IN A 2014 article on Mardi Gras traditions, Charles A. Coulombe wrote:
Our ancestors celebrated [Mardi Gras] to the best of their ability because they kept Lent very strictly: indeed, Jean-Anthelme Brillat-Savarin, the wise author of The Physiology of Taste, tells us what Lent was like in pre-Revolutionary France:
No body breakfasted, and therefore all were more hungry than usual.
All dined as well as possible, but fish and vegetables are soon gone through with. At five o’clock all were furiously hungry, looked at their watches and became enraged, though they were securing their soul’s salvation.

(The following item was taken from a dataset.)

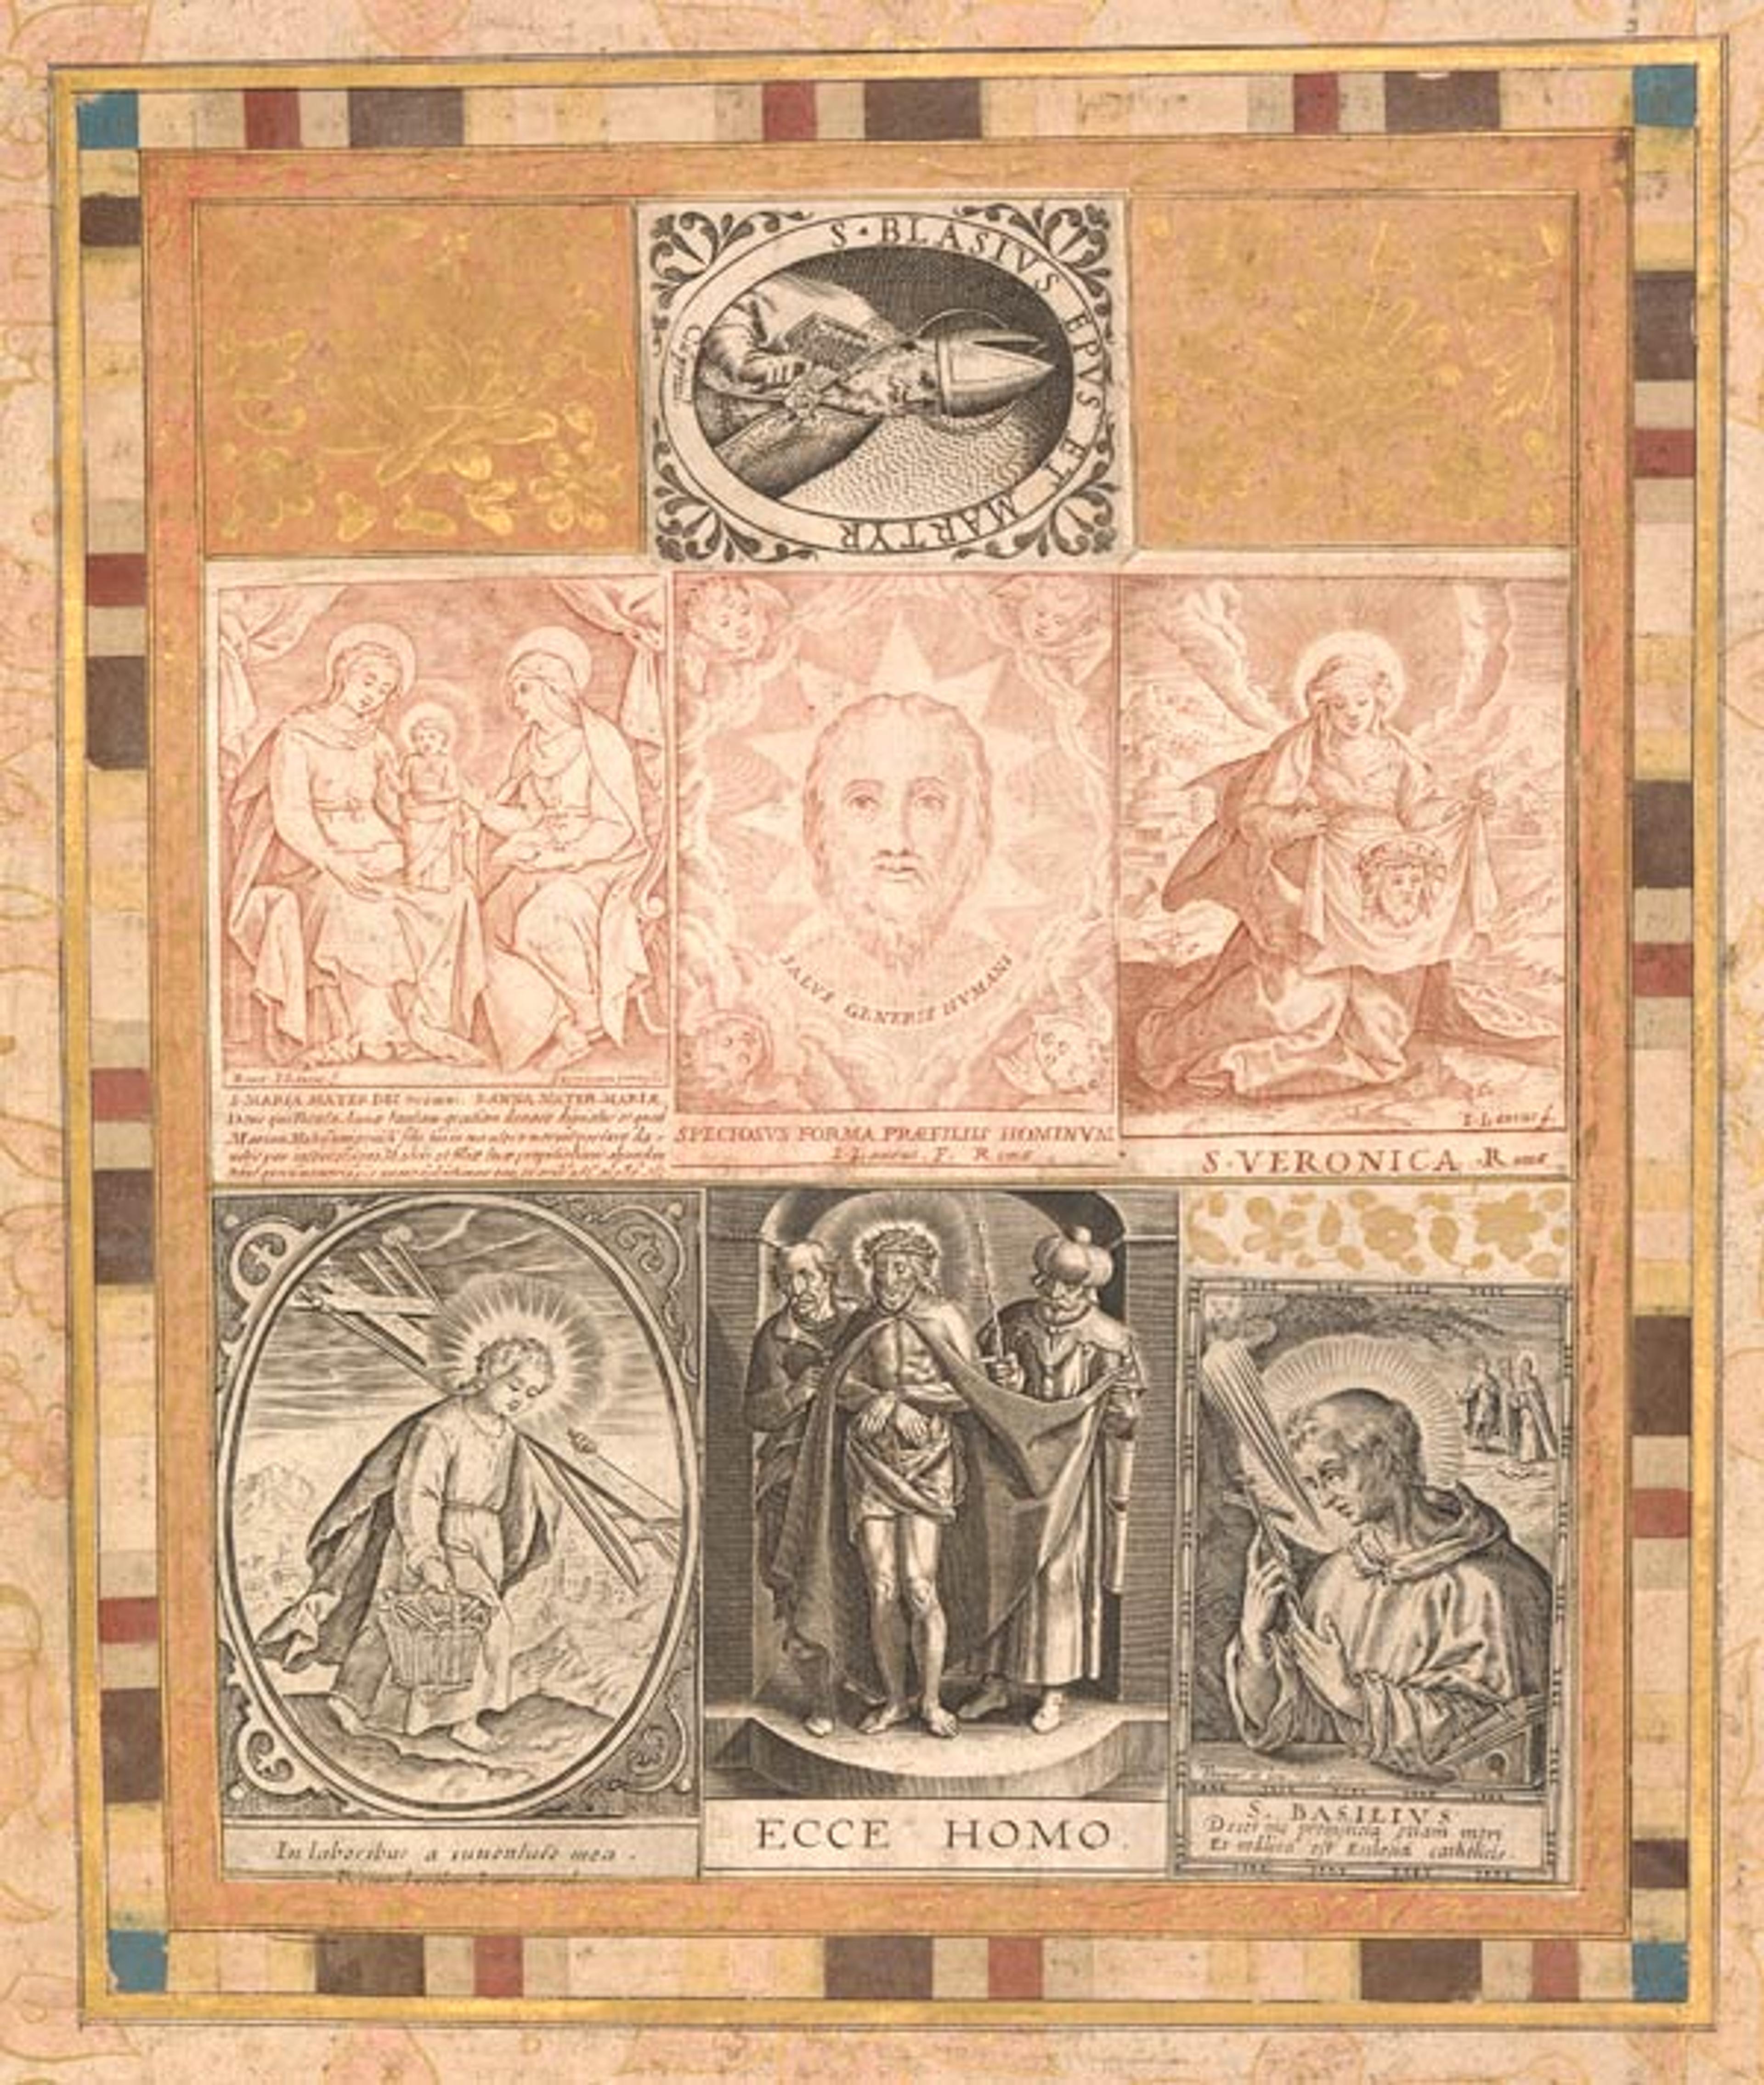 "Seven Devotional Scenes," folio from the Bellini Album, ca. 1600. Print: Italy or the Netherlands; album: Turkey. Ink, opaque watercolor, and gold on paper; H. 8 3/8 in. (21.2 cm), W. 6 3/4 in. (17.2 cm). The Metropolitan Museum of Art, New York, Louis V. Bell Fund, 1967 (67.266.7.4r)

At eight o’clock they had not a good supper, but a collation, a word derived from cloister, because at the end of the day the monks used to assemble to comment on the works of the fathers, after which they were allowed a glass of wine.
Neither butter, eggs, nor any thing animal was served at these collations. They had to be satisfied with salads, confitures, and whitemeats, a very unsatisfactory food to such appetites at that time. They went to bed, however, and lived in hope as long as the fast lasted.
I hope you are planning to enjoy some of your favorite things today, dear reader, (perhaps a triple-stuffed-crust pizza hubcap with extra latex) and then say goodbye to all that until Easter. I personally think that giving up industrial-grade pizza does not count as a form of penance. In fact, I think indulging in it is a form of penance (forty days of Domino’s is the ultimate Lent), but it really depends on what gives you pleasure. Far be it for me to define your sacrifices.